Camelot a good tool for me

Laura Creighton lac at openend.se
Fri May 22 09:03:00 EDT 2015


I don't know anything about Camelot.  Tkinter produces widgets that are
in no way as pretty graphically as is expected nowadays -- or indeed for
at least 15 years.  If this matters to you -- or if you are building for
customers if it matters to them, then Tkinter is not a good choice.

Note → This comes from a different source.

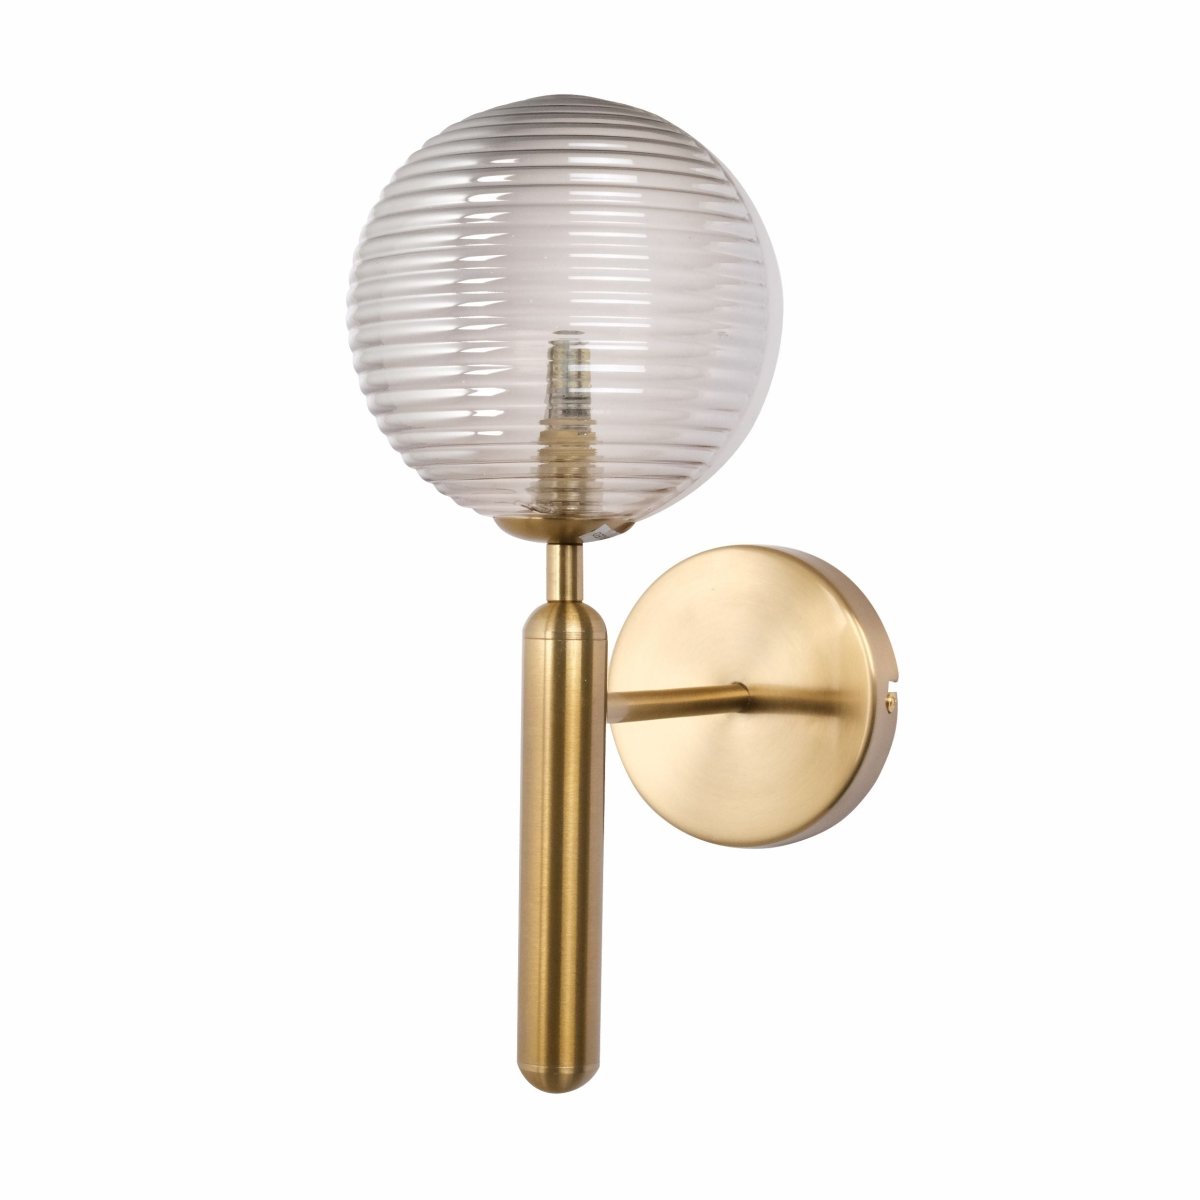 Main image of Striped Glass Gold Metal Wall Light with G9 Fitting | TEKLED 151-19722
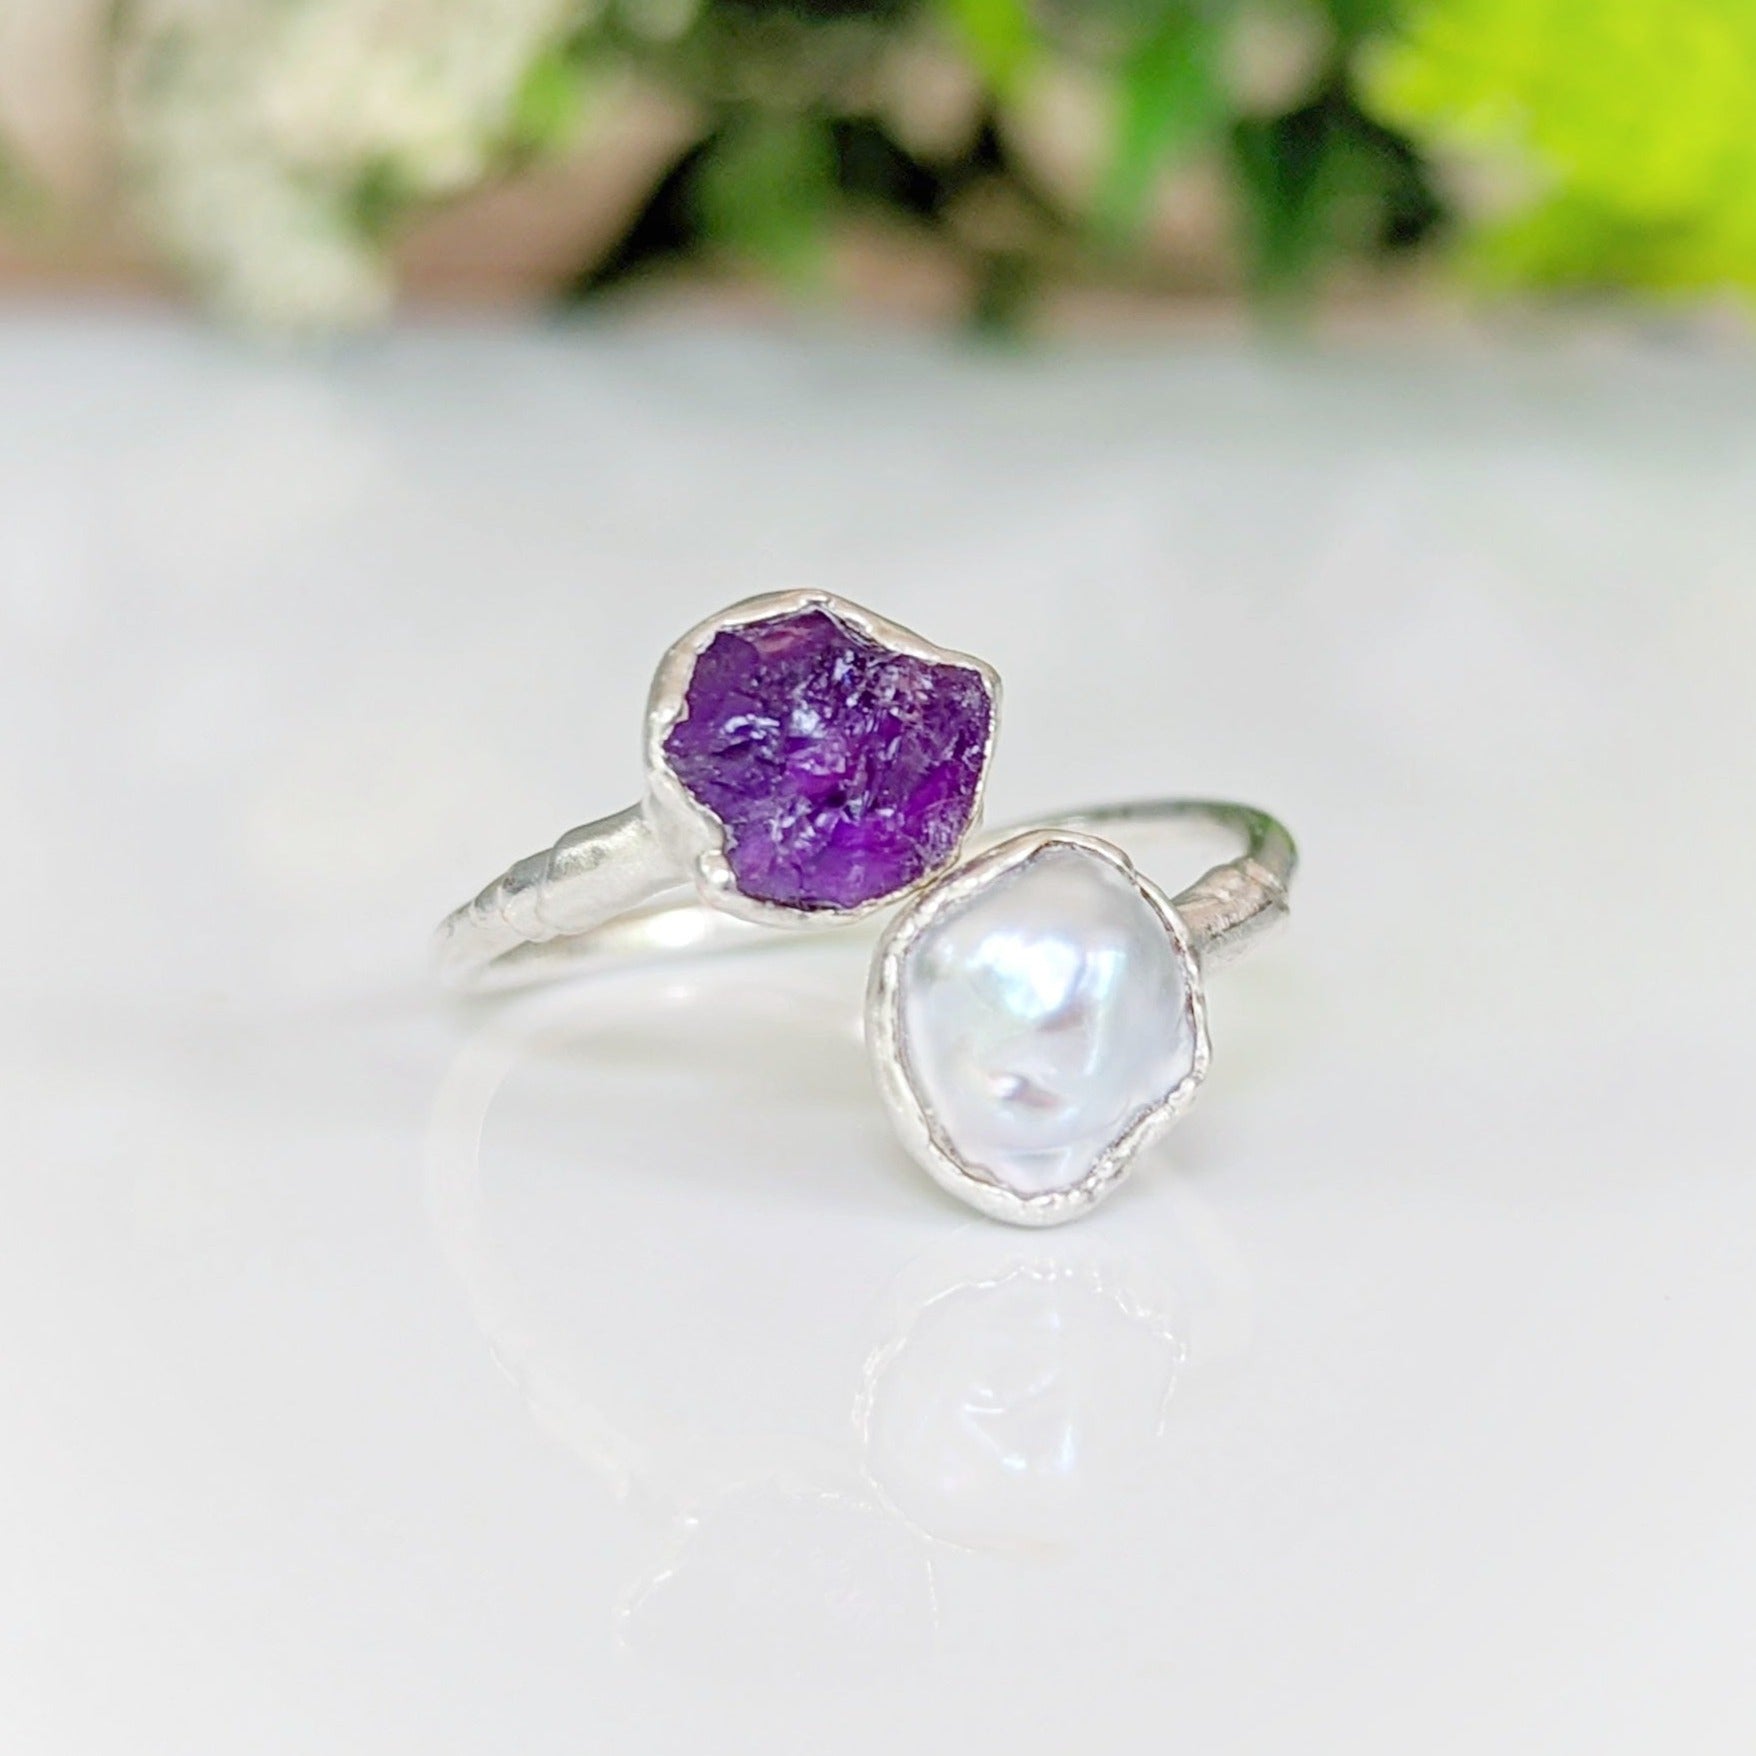 Toi et Moi raw gemstone ring ~ Family Birthstone ring in unique Fine 99.9 Silver setting

Widget libraries are more different than they are similar. So while
learning one can give you some very basic ideas about how widgets work,
and what a callback is, etc -- it doesn't smooth the learning curve
for learning what it is you eventually want to use all that much.
If you already know where you are heading for, then I would just start
learning that.

That said, most of the code I write for me, has, for the longest time
used Tkinter.  I don't care all that much about the ugliness, and I
can write them quite quickly.  How much this has to do with Tkinter
programs being smaller than similar programs in other systems -- some
gui toolkits are _really_ _really_ verbose -- and how
much this has to do with the fact that I am familar with Tkinter I do
not know.

A final concern is where would you like to run these programs when you
are done writing them.  These days, I want most of the new things I
write for me to run on my 7 inch android tablet, and Tkinter doesn't
run there.  About 6 months ago I started learning kivy and am
using this for widgets now -- and converting some of my old programs
to use kivy. Kivy works with both Python 2 and Python 3, runs on
the desktop as well as in mobile devices, and produces the prettiest
widgets you could ask for.  It's under active development, and comes
with a huge directory of examples showing how to use the various
widgets.

So if you are still shopping for a widget kit, it is worth a look.